У Галдора и Харет было двое сыновей, Хурин и Хуор. Хурин был на три года старше брата, но ростом он был ниже, чем все мужчины в его роду. В этом он походил на людей из рода своей матери, но во всем остальном был похож на Хадора, своего деда, сильного телом и пылкого нравом. Но пламя его духа горело в нем спокойно, и он обладал большой силой воли. Из людей Севера он больше всех знал о нолдор. Хуор, его брат, был самым высоким из всех эдайн, за исключением лишь сына своего, Туора. Быстро бегал Хуор, но если гонка предстояла долгая и тяжкая, Хурин быстрей добирался домой, ибо он бежал с равной силой, как в начале, так и в конце. Братья очень любили друг друга и редко расставались в годы своей юности.
Хурин взял в жены Морвен, дочь Барагунда, сына Бреголаса из дома Беора; и потому приходилась она родственницей Берену Однорукому. Темноволосой и высокой была Морвен, и за светлый взгляд и за красоту её лица Морвен прозвали Эледвен, по-эльфийски прекрасной. Но она была горда и тверда духом. Горести дома Беора омрачили её сердце, ибо изгнанницей пришла она в Дор-Ломин из Дортониона после битвы Дагор Браголлах.
Турином назвали Хурин и Морвен своего старшего сына, и родился он в год, когда Берен пришел в Дориат и увидел там Лютиэнь Тинувиэль, дочь Тингола. Морвен родила Хурину еще и дочь и назвала её Урвен. Но все, кто знал её за столь короткую жизнь, звали её Лалайт, что значит "смех".
Хуор взял в жены Риан, двоюродную сестру Морвен. Она была дочерью Белегунда, сына Бреголаса. По жестокой воле судьбы родилась Риан в эти дни, ибо была она мягкой сердцем и не любила ни охоту, ни войну.
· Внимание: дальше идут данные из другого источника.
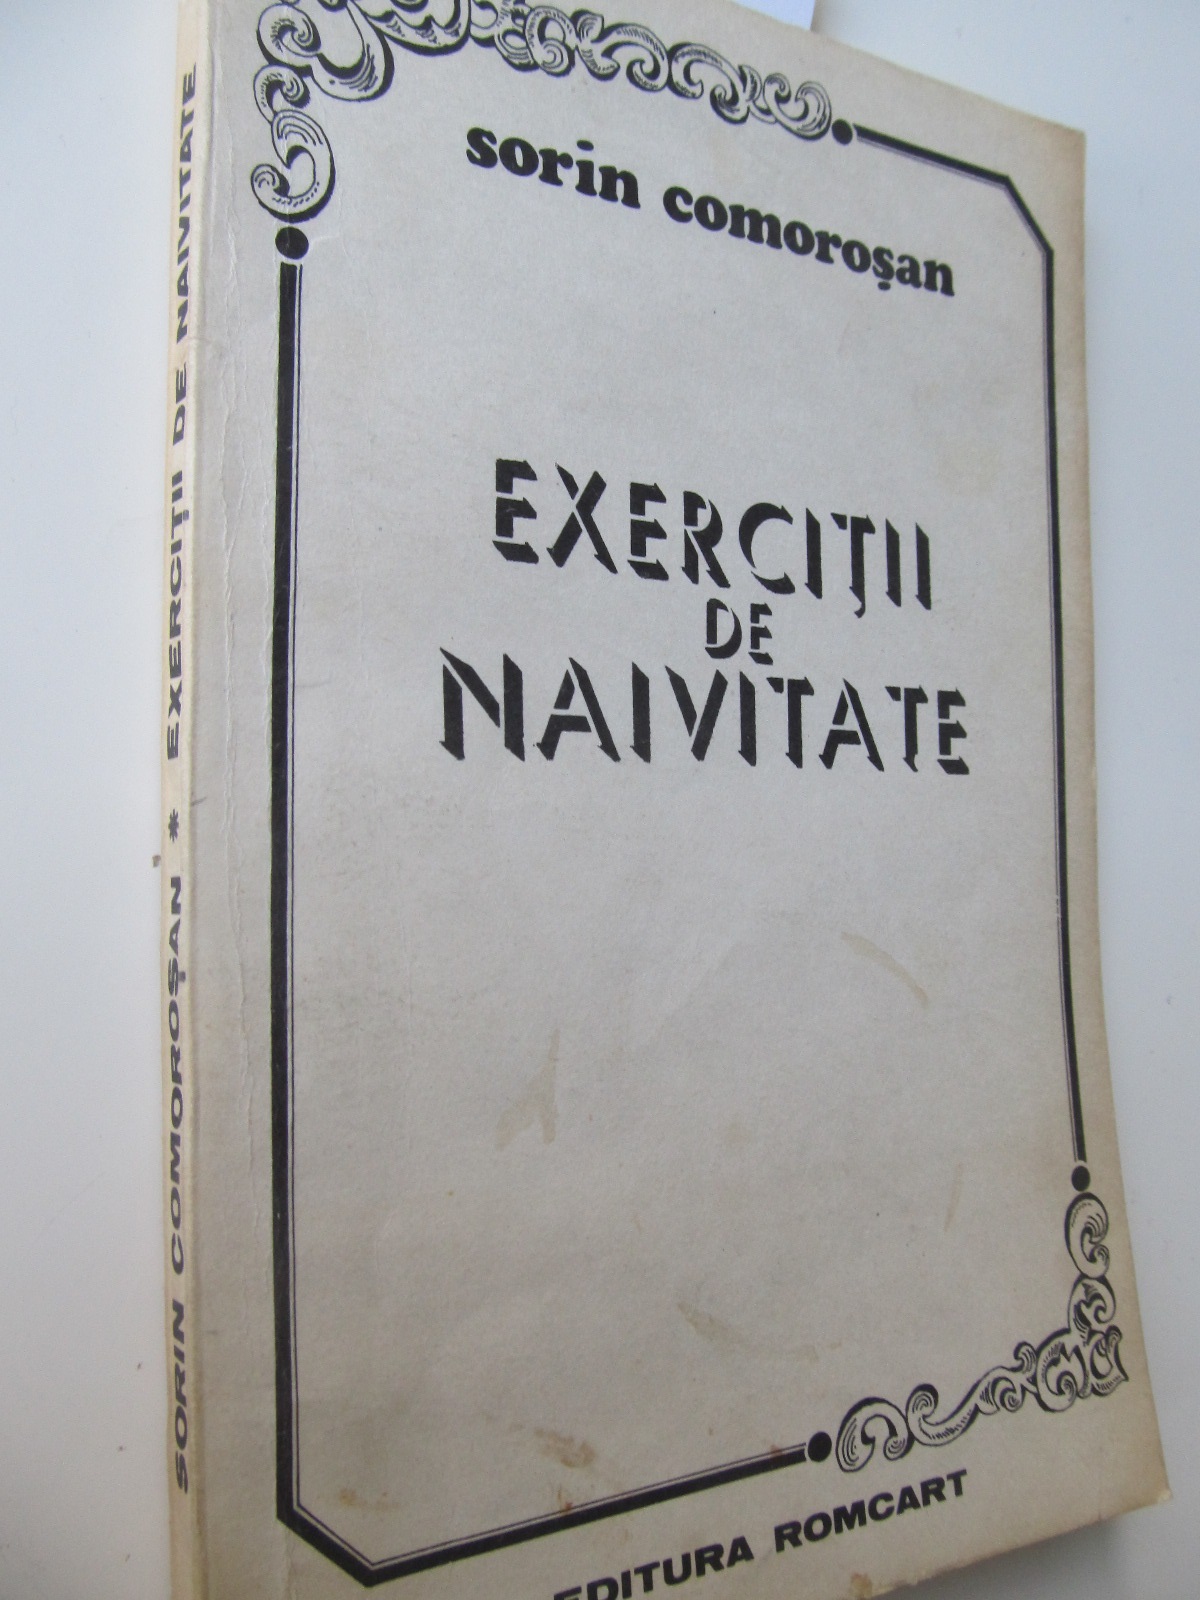 Exercitii de naivitate - Sorin Comorosan | Detalii carte

Сердце её было отдано деревьям и цветам в лесной глуши, и песням, ибо она сочиняла и пела их. Лишь два месяца были они с Хуором женаты, когда он ушел со своим братом на битву Нирнаэт Арноэдиад. С тех пор они боле не встречались.
Но сейчас возвращается повествование к Хурину и Хуору в дни их юности. Говорят, что некоторое время по обычаю северных людей сыновья Галдора жили в Бретиле, как приемные сыновья Халдира, их дяди. Они часто ходили в сражения с людьми из Бретиля против орков, опустошавших северные рубежи их земель, ибо Хурин, хоть и было ему всего семнадцать лет от роду, был силен, а младший Хуор был почти так же высок, как взрослые мужчины.
Однажды бродили Хурин и Хуор с группой разведчиков, но орки устроили им засаду, и люди бросились врассыпную, а братьев преследовали до брода Бритиах. Там бы их взяли в плен или убили, но власть Ульмо была все еще сильна в водах Сириона; и говорят, что из реки поднялся туман и укрыл братьев от врагов, и через Бритиах бежали они в Димбар. Там в тяжелой нужде бродили они под отвесными склонами Криссаегрима, пока не сбили их с пути обманы этих земель и они потеряли дорогу обратно. Там выследил их Торондор, и отправил двух орлов им на помощь. Подняли их орлы и перенесли через Кружные горы в секретную долину Тумладен и потаенный город Гондолин, который до тех пор не видел ни один человек.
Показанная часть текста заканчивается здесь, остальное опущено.